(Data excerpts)
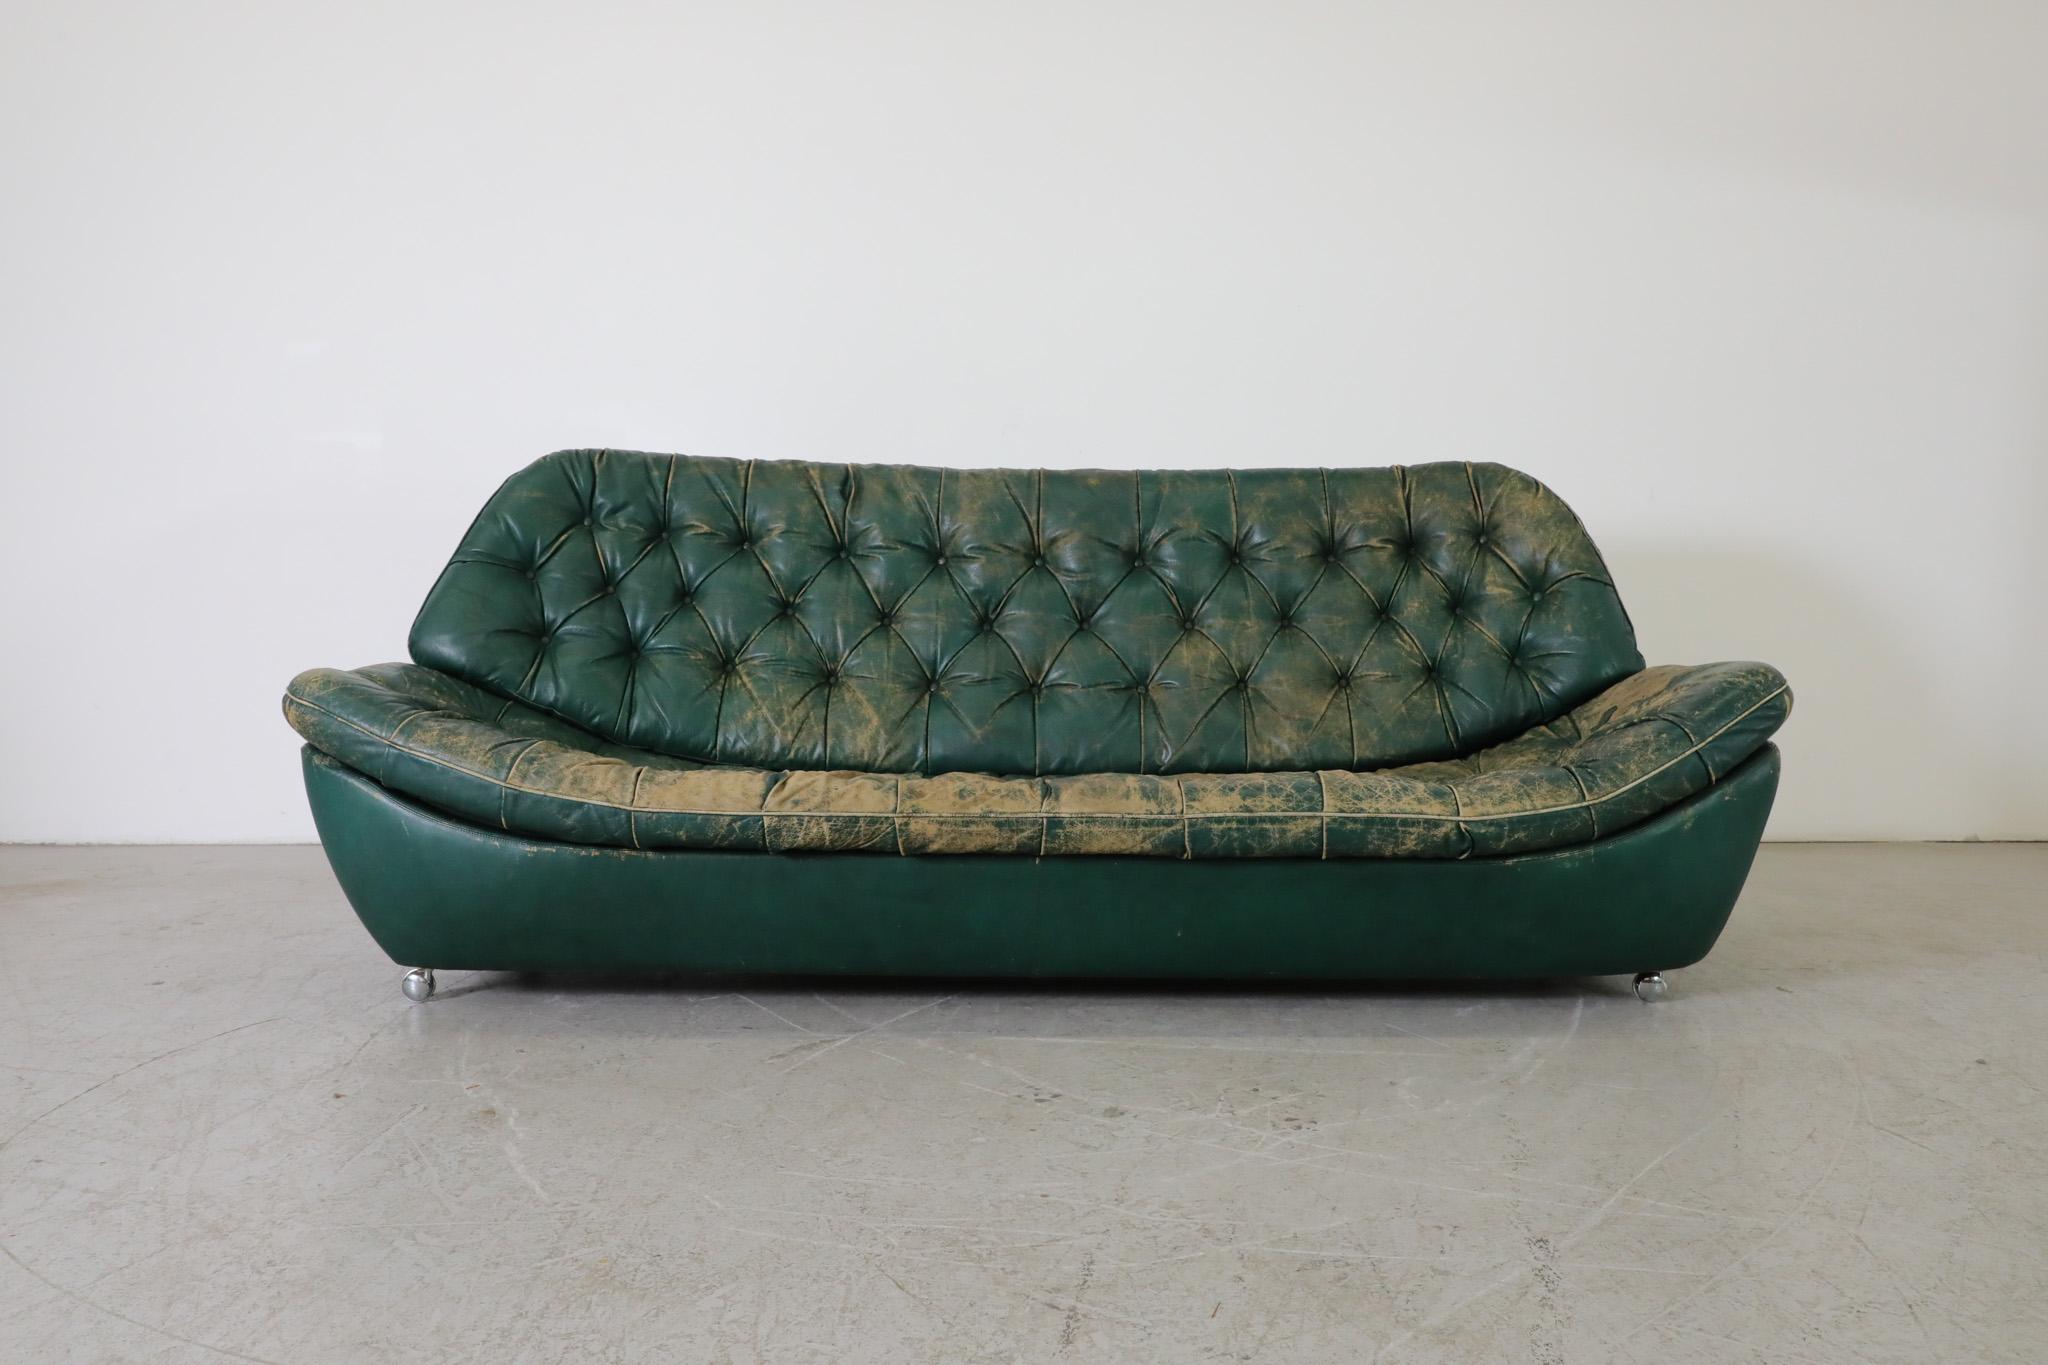 Vintage Artifort style green tufted leather sofa. A Mid-Century Chesterfield! 
Green leather frame with matching tufted leather back and seat cushions on chrome wheels and short chrome feet with rounded wood tips. This well loved three seater sofa
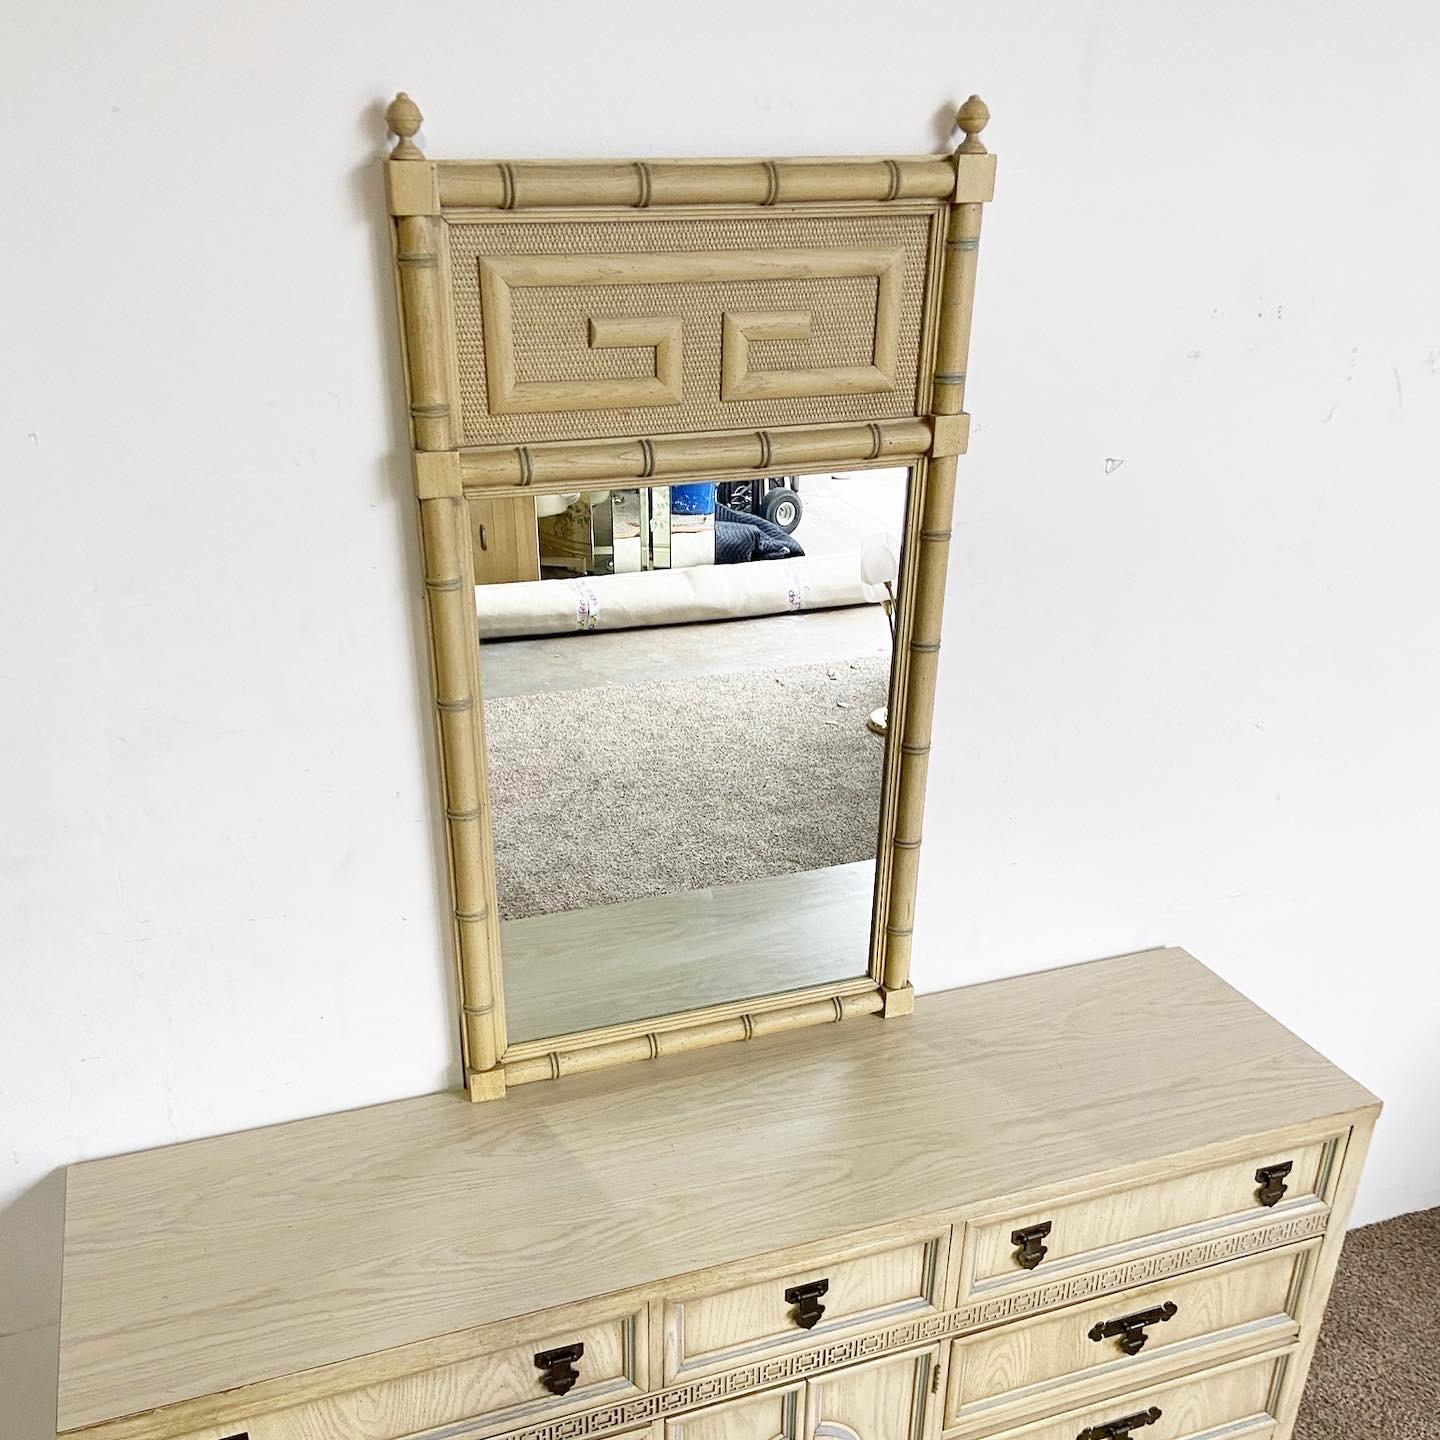 Experience Eastern elegance with our Chinoiserie Shangri-La Dresser With Mirror by Dixie, combining intricate detailing, brass accents, and practicality.

Crafted with intricate detailing, a hallmark of Chinoiserie design.
Enhanced by brass accents

→ Work instructions:
What is needed is a word-for-word repeat of every line from the line with "Experience Eastern elegance" to the end of the entries above; leave out the pictures.

→ Answer for this exercise:
 Experience Eastern elegance with our Chinoiserie Shangri-La Dresser With Mirror by Dixie, combining intricate detailing, brass accents, and practicality.

Crafted with intricate detailing, a hallmark of Chinoiserie design.
Enhanced by brass accents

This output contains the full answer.